PhD 2005 ICNC, Hebrew University of Jerusalem
2006 - Instructor of Neurology, Harvard Medical School
2007 - Senior Lecturer, Hebrew University of Jerusalem.

Research Interests 
My lab's work ranges from basic science, querying brain plasticity and sensory integration, to technological developments, allowing the blind to be more independent and even “see” using sounds and touch similar to bats and dolphins (a.k.a. Sensory Substitution Devices, SSDs), and back to applying these devices in research. In the lab cutting edge technologies and innovative methods and techniques are used to study perception and multisensory relation, sensory substitution approaches and dynamics of brain processes.

Recent Projects
Reading in the blind
According to the canonical view, the human cortex is a sensory machine in which various regions govern activities of the different senses (e.g. the visual, auditory and somatosensory cortices). Within the visual areas, a region known as the Visual Word Form Area (VWFA) was shown to develop expertise for reading in sighted. If the brain is indeed a sensory machine, one would expect that the expertise for reading by touch in the blind would be in the somatosensory cortex. Another possibility is that it would be in the bilateral primary visual areas, as they were sown to be recruited for various non-visual tasks (such as language and tactile related tasks) in the blind. However, in a recent study performed in the lab in collaboration with Laurent Cohen we showed that the VWFA is also the peak of Braille-words selective activations across the entire brain of the congenitally blind. Furthermore, the anatomical location of the VWFA was highly consistent across blind subjects and between blind and sighted individuals. Thus, the functional recruitment and specialization of the VWFA for reading is independent of the sensory modality in which the words are presented, and even more surprisingly do not require any visual experience.
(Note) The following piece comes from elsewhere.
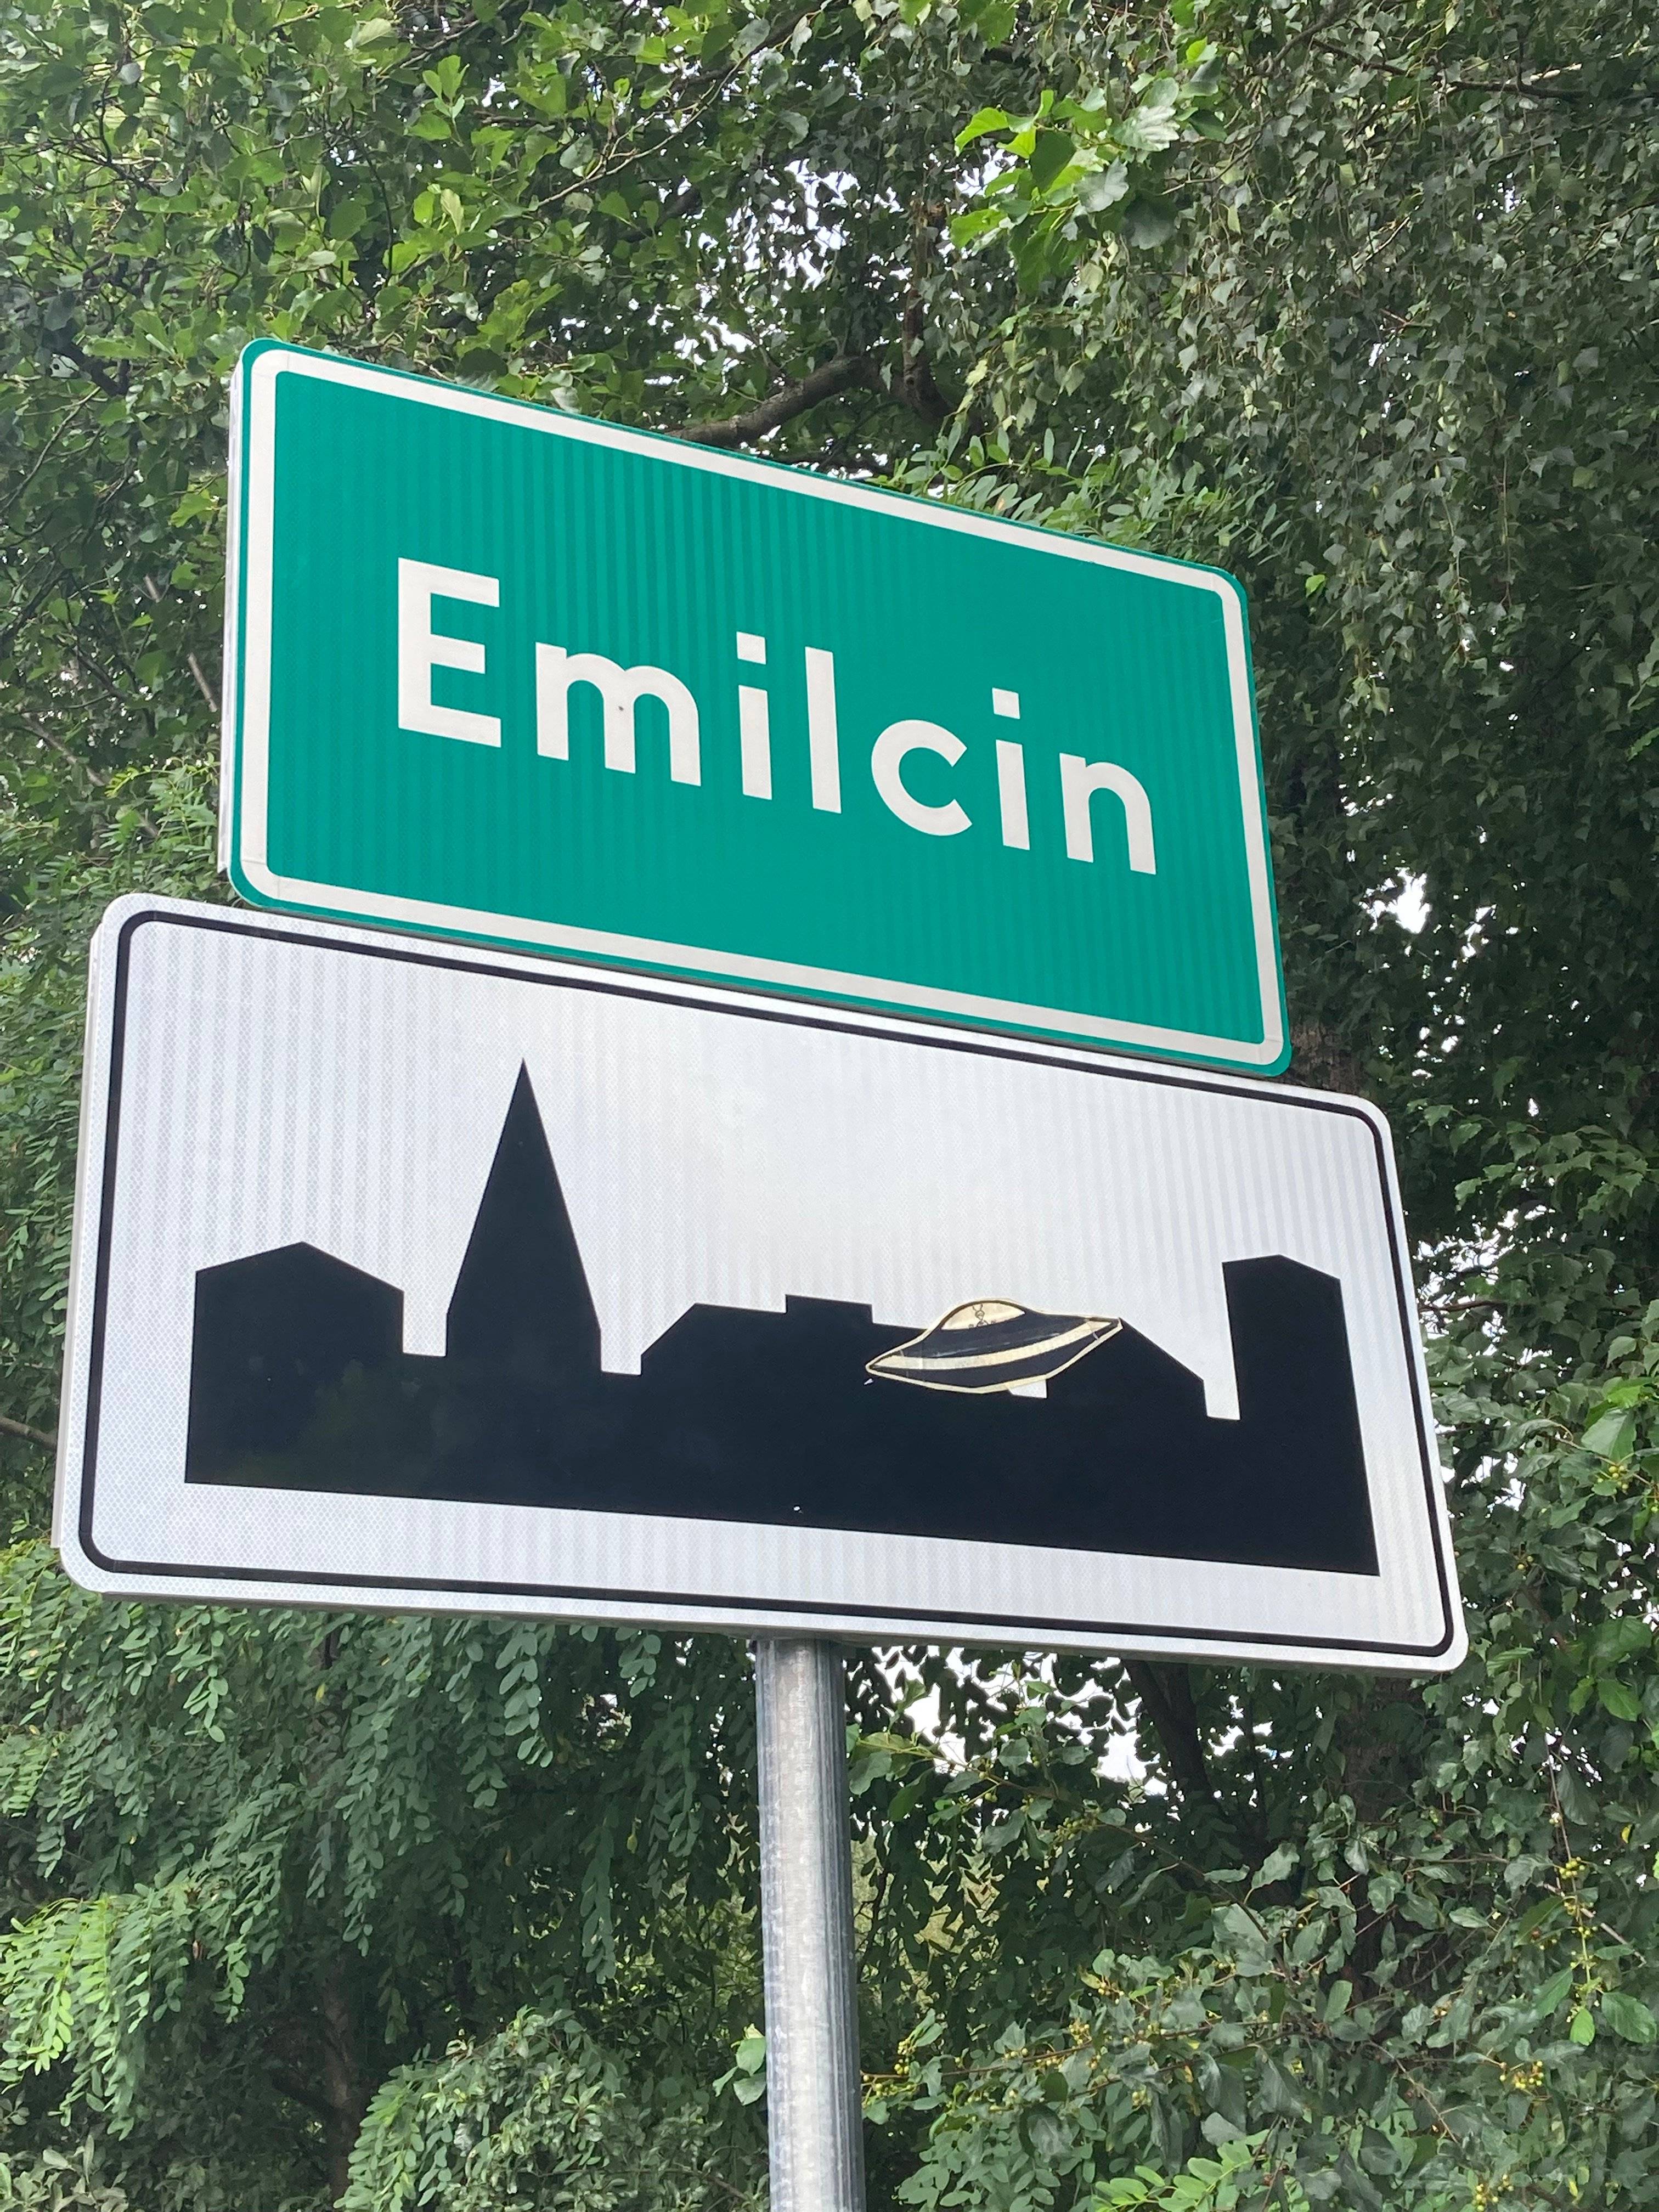 zdjęcie: zielona tablica z nazwą Emilcin, pod nią typowa biało czarna tablica oznaczająca teren zabudowany, ale nad sylwetą miasta doklejony rysunek UFO

This counters the notion that the brain is a sensory machine and suggests that it is rather a task machine, in which each area supports a specific task, computation or representation, irrespective of the input sensory modality. Future studies will test whether the metamodality of the reading areas extends also to auditory input. To this end, the shape of visual words can be translated into sounds using a visual-to-auditory sensory-substitution algorithm, similar to the system used to study the LOtv. Other future studies would investigate the specificity of the VWFA for words and the specific pathways and connections which enables the activation of the VWFA by tactile information.
Development of Sensory substitution devices
In our laboratory, we have developed several new navigational aids. We are testing them in different environments and are using them for brain research regarding the brain’s flexibility and reorganization in cases of visual deprivation.
One of the tools developed is a tiny virtual cane called the EyeCane. The cane operates as a kind of virtual flashlight, replacing or strengthening the “classic” walking stick. The device comprises sensors, which estimate the distance between the user and the object at which it is pointing. This information undergoes a "sensory transformation", to the form of complex vibrations, allowing the blind person to identify obstacles of different heights, understand the distance between him/herself and the objects around him, and create a spatial picture through which to navigate safely. The use of the device is intuitive and can be learnt within a few minutes of use.
For the purpose of this research, we built a real maze as well as virtual mazes, which facilitated trials in order to assess how the blind may deal with navigating through different paths, and improve their navigational capacities in both physical and virtual environments. This is complemented with the use of other devices which can convert complex visual input like objects and faces in the users surroundings into auditory and tactile input.
Research on the occurring brain activity shows that during the navigation time, areas of the brain devoted only to vision also come into play. These findings point to the brain’s flexibility and its division according to task rather than sense.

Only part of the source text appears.